Он снял сапоги, затем штаны, оставшись в кальсонах. На завязках было множество узелков, отчего они стали короткими и уродливыми, как больные ветви дерева. Андрей так считал дни с начала ареста, чтобы не сбиться. Он хотел завязать еще один узелок, но охранник схватил за шиворот и толкнул в раскрытую дверь, на мороз.
«Вот как все делается, — продолжал думать он. — Пощадили, чтобы с ума не сошел… Колодкин… И на этом спасибо…»
На улице чуть светало. Андрея подвели к калитке на хозяйственный двор. Стрелок толкнул ее, показал стволом винтовки — проходи. У калитки был порожек, невысокий, засыпанный снегом и испещренный следами босых человеческих ног. Андрей хотел шагнуть вперед, но ноги не слушались. Деревянный порожек казался высоким и в сумерках черным, словно осмоленным. За ним был чистый, белый снег, только следы уже были не человеческие, а птичьи.
«Боюсь! — ожгла мысль захолодевшую голову. — Я же смерти боюсь!»
Стрелок толкнул его за калитку. Андрей инстинктивно раскинул руки, чтобы уцепиться за столбы, но опоздал — под руками был воздух, а впереди — старая конюшня с распахнутыми воротами, возле которых стояли стрелки в черном и Андреевы сокамерники в исподнем.
«Отчего же я боюсь? — взывал Андрей, ощущая, как накапливаются слезы. — Как мне страшно… Жить хочу! Жить!.. Что со мной? Отчего?.. Надо молиться! Погоди, а как? Что говорить?.. Страшно!»
Тем временем сокамерников толкнули в конюшню, и сразу же там вспыхнул ослепительный свет. Он достал глаз, и Андрей сощурился, стрелки вскинули винтовки и ударили вразнобой, целя в яркий квадрат распахнутых ворот. Огонь из стволов слился со светом в конюшне, и сразу все погасло.
— Давай! — крикнули конвоиру Андрея. — Бегом!
Толкая в спину, конвоир погнал Андрея к воротам, пихнул последний раз и отскочил назад.

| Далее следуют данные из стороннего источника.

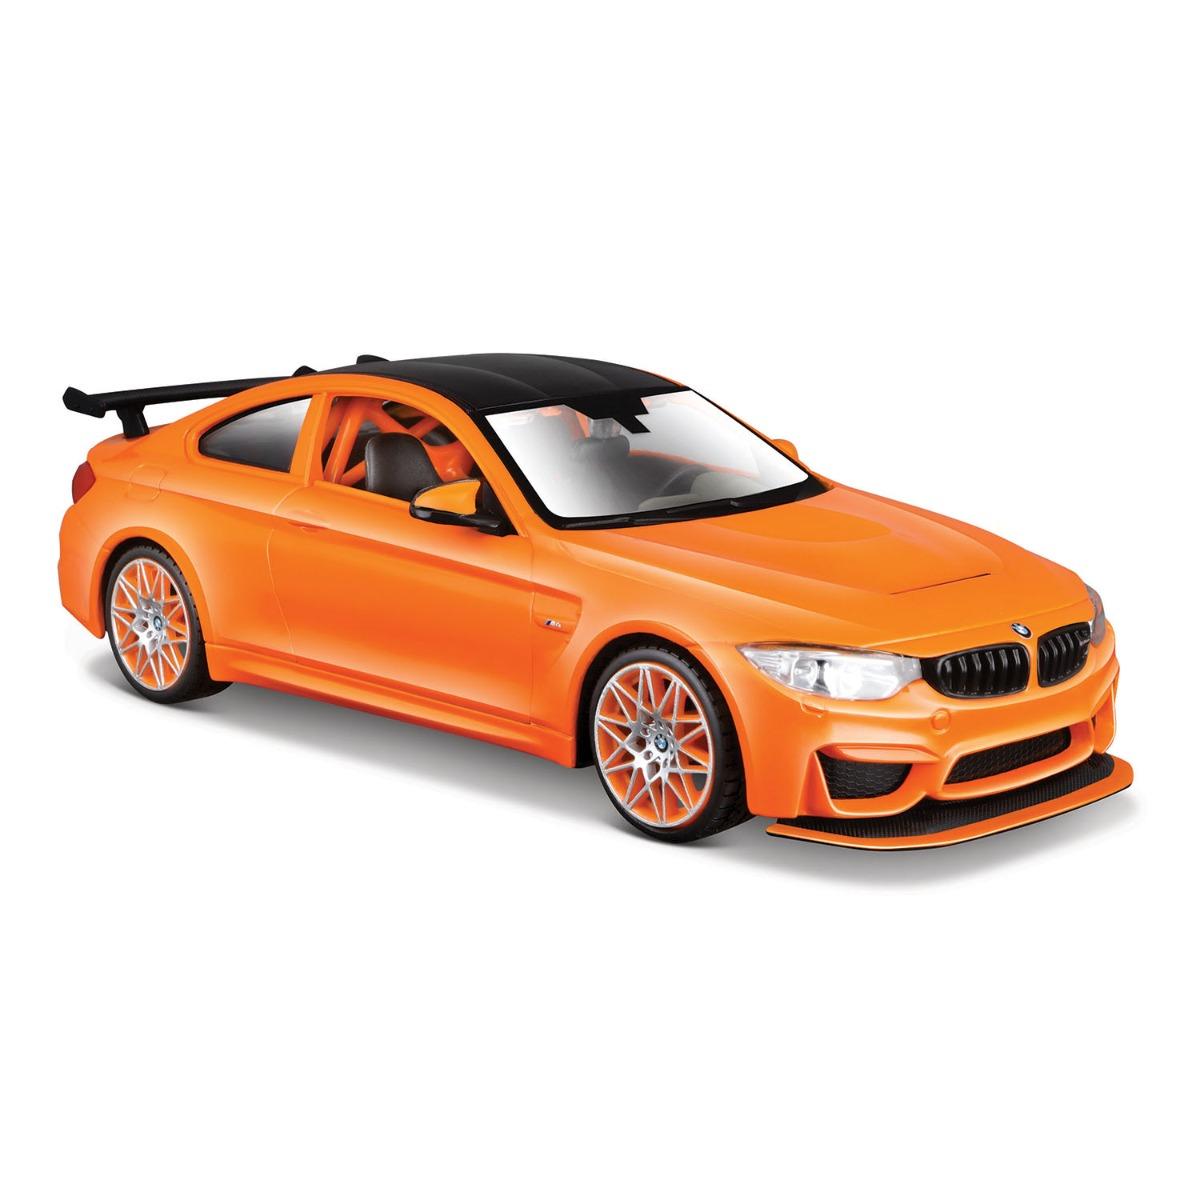 Masinuta Maisto BMW M4 GTS, 1:24, Portocaliu

Андрей встал перед черной пропастью конюшни. Темень выплывала оттуда как дым и казалась осязаемой.
«Молитву! — просил он про себя. — Молитву!.. Как? Отходную?!»

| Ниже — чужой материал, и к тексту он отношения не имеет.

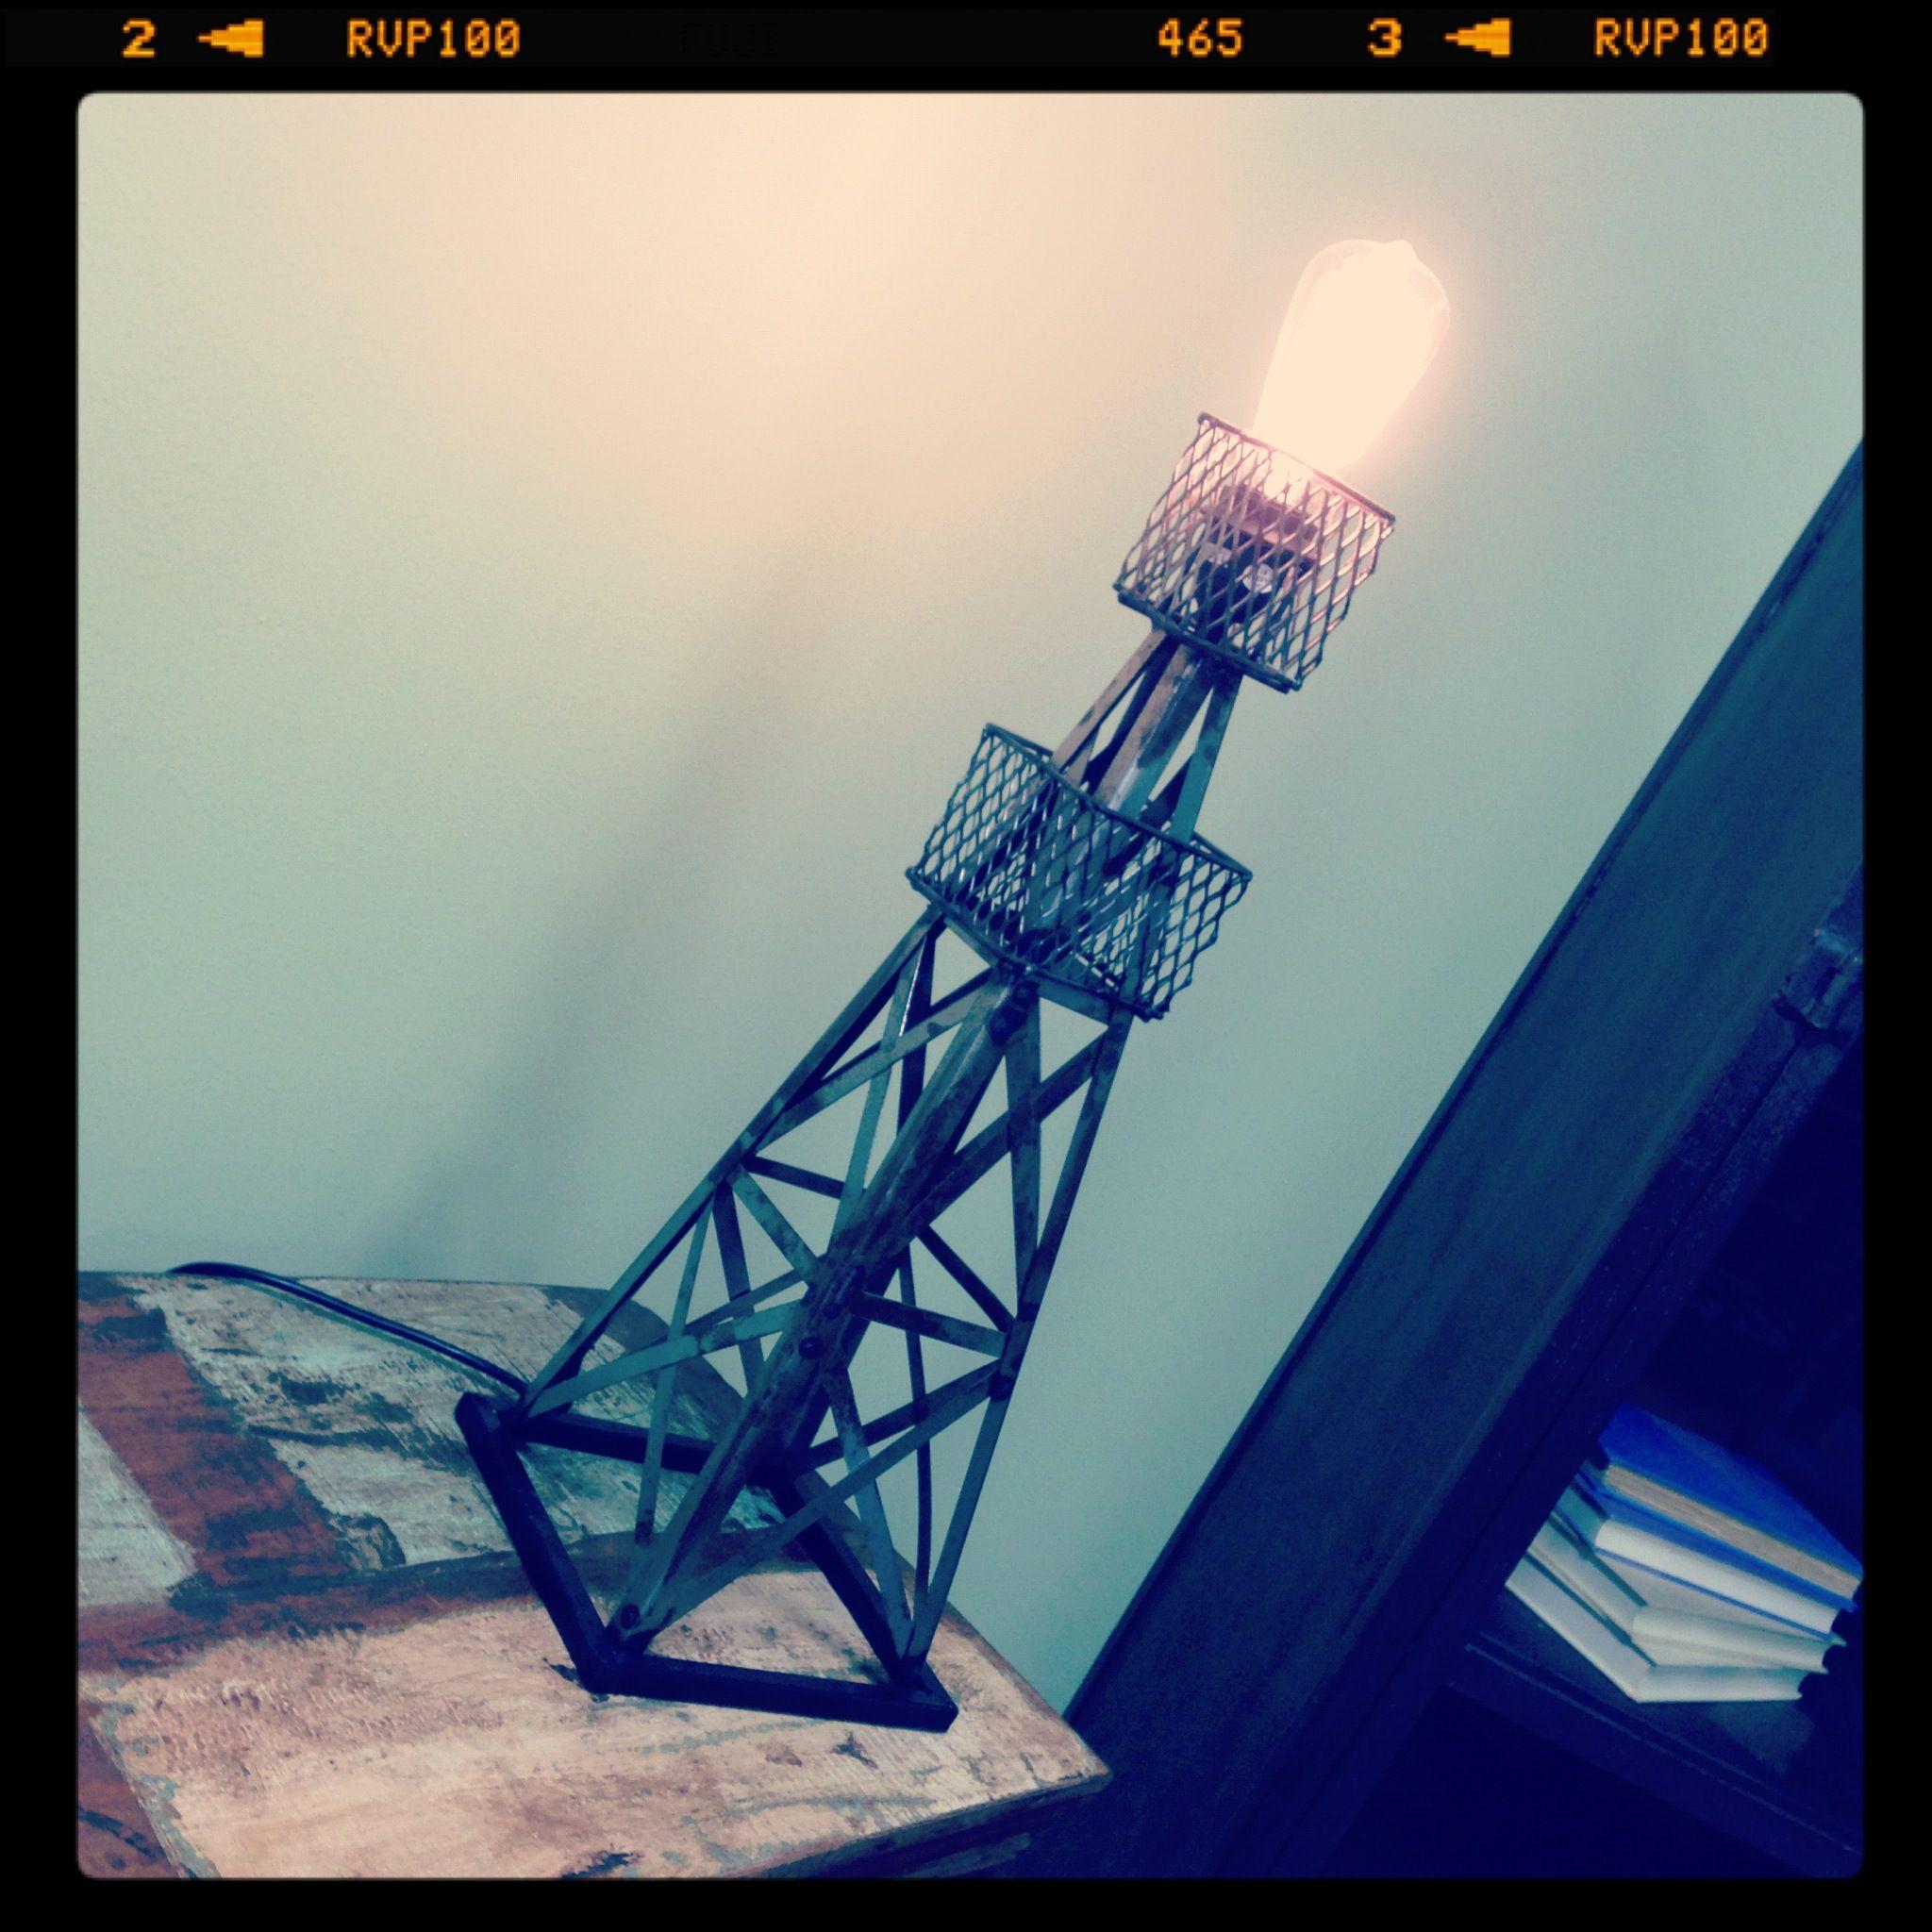 Oil Derrick Table Lamp Distressed Vintage Import Unique ...

И не мог вспомнить ни единого слова, хотя много раз слышал; не мог и понимал, что уже не вспомнит, не успеет.
— Беги! — крикнули сзади, и в тот же миг свет ослепил. Он побежал слепым, выставив руки вперед. Белый искристый шар стоял перед глазами и убегал вместе с ним, а вернее, летел впереди, увлекая его за собой.
И в тот миг он ничего не видел, кроме этого света.
Он не помнил, сколько бежал. Сознание будто тоже было ослепленным и ничего не воспринимало, как и глаза.
Даже когда потух свет и Андрей оказался на улице, в первый момент он ничего не различал, кроме этого сияющего шара.
Бежать дальше было некуда — перед ним оказались деревянная стена. А в ушах все еще стоял крик-команда: «Беги!» Прильнув грудью к стене, он сморгнул пятно света и, обернувшись, увидел Деревнина. Андрей мгновенно узнал его, даже, скорее, угадал. Тот самый Деревнин, гимназист, пришедший к нему в отряд самообороны, Деревнин, который в двадцатом был освобожден Андреем из-под стражи и выпущен на волю со свидетельством о его партизанском прошлом.
— Оботрите ноги, — скомандовал Деревнин.
Андрей глянул на свои ноги — они по щиколотку были забрызганы чем-то серым и липким. Он забрел в сугроб и стал оттирать ступни, оставляя эту серость на белом снегу.
— Идите вперед! — приказал Деревнин, держа руки за спиной.
Послушно, повинуясь только чужому голосу, Андрей пошел по набитой, выпуклой тропинке вдоль стены конюшни. Деревнин вывел его с хозяйственного двора и впустил в изолятор.
— Надевайте, что получше, — бросил он. — Пимы вон лежат. В сапогах холодно.
Он ничего не слышал, кроме этого голоса, и подчинялся ему, как если бы это был голос с Неба.
Он натянул свои штаны, сунул ноги в чужие валенки, а Деревнин уже подавал полушубок — новый, добротный, отороченный мерлушкой по бортам и низу. Андрей машинально надел его, а Деревнин напялил ему на голову какую-то шапку и, оглянувшись на дверь, сказал полушепотом:
— Я ваше свидетельство помню. Все помню… Пошли!
Колодкин сидел в келье и, казалось, сидит так с ночи.
Разве что табаку в кисете поубавилось и махорочный дым висел под потолком.
— Вы условно расстрелянный, Березин, — объявил он. — Прошу помнить об этом всю жизнь. Подпишите!
Колодкин пододвинул к нему лист бумаги и, обмакнув перо, подал ручку. Андрей взял ее, забыв, для чего существуют ручки. Он смотрел на перо, на фиолетовую золотинку чернил на его кончике и не мог понять, что от него требуется.